A. Jesse Jiryu Davis

unread,
Jun 27, 2012, 2:58:30 PM6/27/12
to mongod...@googlegroups.com
Phillip, the errors in the shell after calling 'shutdown' are normal -- it's just the shell reporting the closed connection, messily.

Can you post the output of db.printReplicationInfo() on the PRIMARY?

I'm concerned that your configured oplog size is only 4.5G. You might have wrapped around in the oplog while the secondary was trying to sync initially. 

Can you grep for "RS102" in your secondary's log file?

It may be that you need to create a new secondary, either from scratch or from a backup of the primary, and resync.

myCloudWatcher

unread,
Jun 27, 2012, 10:23:34 PM6/27/12
to mongod...@googlegroups.com
Sorry that I have lost all of the context for this error.

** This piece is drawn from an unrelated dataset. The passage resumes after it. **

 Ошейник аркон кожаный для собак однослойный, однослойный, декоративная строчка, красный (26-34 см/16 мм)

I stopped that servers and deleted all of the data and did a re-sync.

I was not happy that the data size for the total server disk space looked too small.

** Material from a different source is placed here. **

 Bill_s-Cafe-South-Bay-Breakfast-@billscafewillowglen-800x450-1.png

After the new SYNC the server was very happy and had a good disk space use.  No issues after the new sync.

Sorry for the lost information about this error,  next time.  I will remember the -vv trick....

I did do several stop and starts of Mongod just to see it it would start.



Please call any time:
Cell:      916-202-1600
Skype:  EdwardMGoldberg

Edward M. Goldberg
http://myCloudWatcher.com/
e.m.g.



p_h_i_l_l_i_p

unread,
Jun 28, 2012, 5:18:57 AM6/28/12
to mongod...@googlegroups.com
PRIMARY> db.printReplicationInfo()
configured oplog size:   4612.6083984375MB
log length start to end: 109428secs (30.4hrs)
oplog first event time:  Wed Jun 27 2012 04:33:03 GMT+0200 (CEST)
oplog last event time:   Thu Jun 28 2012 10:56:51 GMT+0200 (CEST)
now:                     Thu Jun 28 2012 10:56:51 GMT+0200 (CEST)

The oplog size was my first idea, but since replication hangs after 2 or so hours it shouldn’t be a concern. It still have more than a day data backup in oplog.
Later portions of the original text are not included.